The same can be said of the former.  This is the situation where employees use non-approved Generative AI models to help them to do their daily job tasks. Because of the inherent risks that it can bring, many businesses in Corporate America are now cracking down on this.  Consider some of these stats:

*Using non approved Generative AI models is now completely banned in the healthcare and financial sectors.

*Even technology companies are cracking down, such as Apple, Samsung, and even Amazon.

*ChatGPT that has not been approved for corporate usage is at an alarming 74%.  The same can also be said of its competitors, Geminin and Bard.

*Given the development of Generative AI, companies are finding it difficult to enforce data security policies, and at least 27% of the data that is pumped into the model is not made secure.

(SOURCE:  The Security Risk of Rampant Shadow AI)

The main culprit for the huge risk of “Shadow Generative AI” lies in the fact that it is the datasets fed that are fed into a model which is the lifeblood for it.  For example, large amounts of it are needed in not only to initially train the model, but to keep it learning going forward. 

Because of this, datasets have become a prized target not only for the Cyberattacker, but also for those rogue employees that are considering launching an Insider Attack.

So now all of this begs the question: How can a CISO and their IT Security team mitigate the risks of “Shadow Generative AI” from happening in the first place?  This can be examined from a couple of different areas but let us start at the heart of the matter: the datasets.

Every effort must be taken to ensure that they are as secure as possible.  You can even think of this is as a “Wash, Rinse, and Repeat” cycle:

1)     Before Ingestion:

Make sure that all pathways that lead from the database to the actual model are secure.  It is at this first point that the datasets will be “ingested”, and thus, this can be considered to be the most vulnerable point.  Aside from this, you must make sure that the datasets are cleansed and optimized as much as possible.  This is imperative, because if they are not, the processing of any submitted query and the output that must be created from it will be skewed.

2)     In Process:

The appropriate controls also need to be put into place to protect the model in the first instance.  This simply means that only the authorized employees should be able to gain access to it, such as the data scientists that have built the model and the data analysts that examine the processes that are taking place from within it.

3)     What Comes Out:

In the end, once all the datasets have been inputted, and processed per the query that was submitted by the end user, the result is the answer to the question, or in more technical terms, the “output”.  But even here, the appropriate safeguards must be out into place not only to ensure the privacy of the end user, but if the outputs that have derived are created for market intelligence purposes, then this can be considered as Intellectual Property, which needs to be highly protected.
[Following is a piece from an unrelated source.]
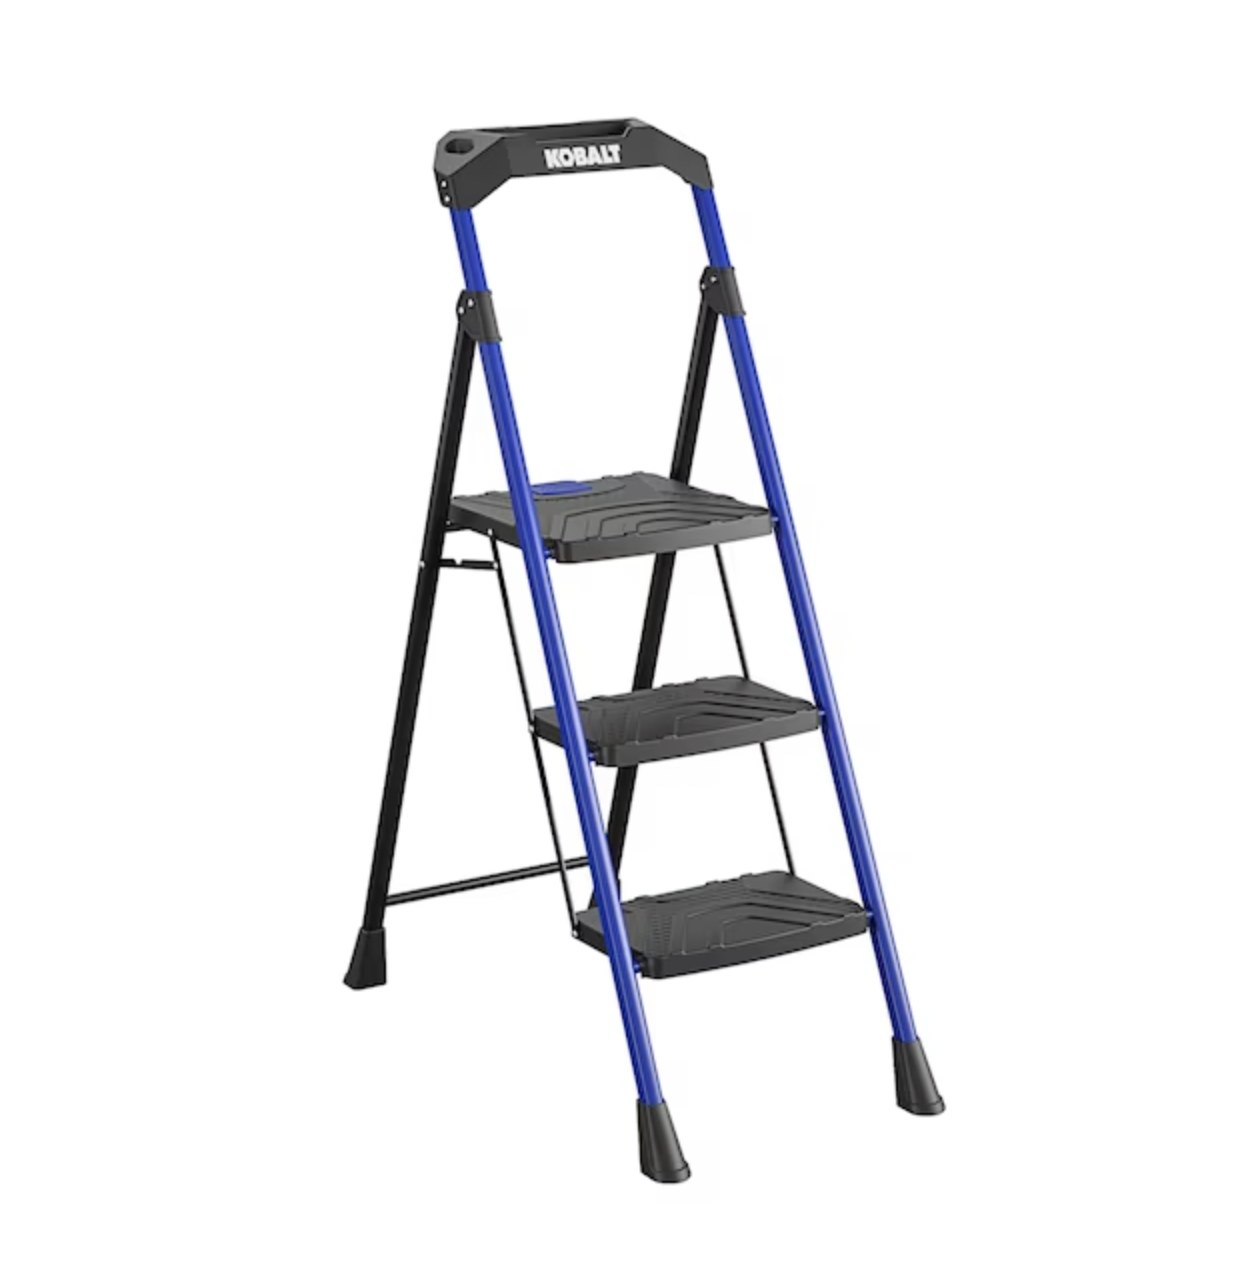 The 3-level ladder
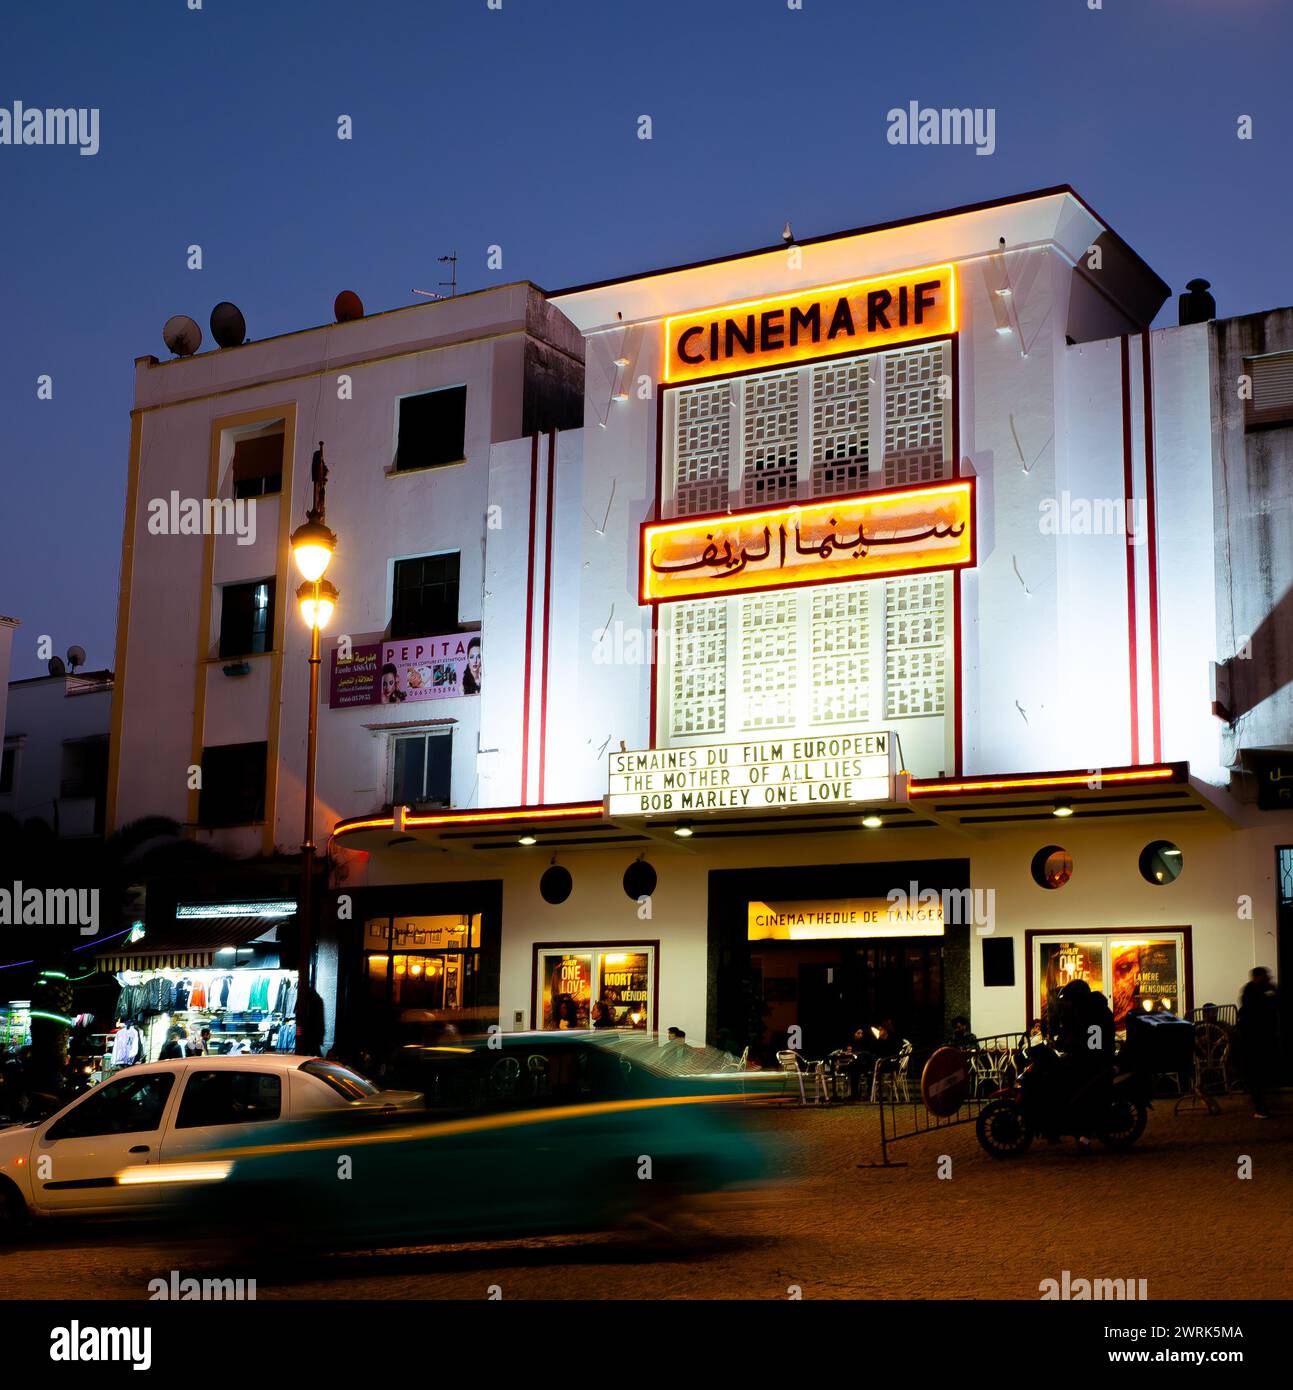 Cinéma Rif Tangier (Morocco) at night Stock Photo

This entire process must be run each time the model is submitted with a new query, or a new one has been created from scratch.

The second angle of attack here is the policies that CISO and the IT Security implement with regards to the usage of Generative AI in the workplace.  Here are some key things to be considered:

Ø  Use Obfuscation: This is where Data Tokens can be created to represent the actual datasets.  As a result, even if they are hijacked, there is very little that the Cyberattacker can do with it. 

 

Ø  Watch The Access:  In this regard, you will want to follow up on the concept of “Least Privilege”.  This is where you assign those rights, permissions, and privileges that are absolutely for the employee to do their jobs, and no more than that.  This also holds true for the Generative AI models.  The scientists and analysts that work on them should be only given what they absolutely need.

My Thoughts on This:

There is another motivating factor for the CISO and their IT Security team to be on their toes.  All of the datasets that are used are now starting to come under the purview of the data privacy laws, such as the GDPR and the CCPA.  Meaning, if the controls are not in place or have not been further optimized to protect them, they could also face an exhaustive audit and steep financial penalties.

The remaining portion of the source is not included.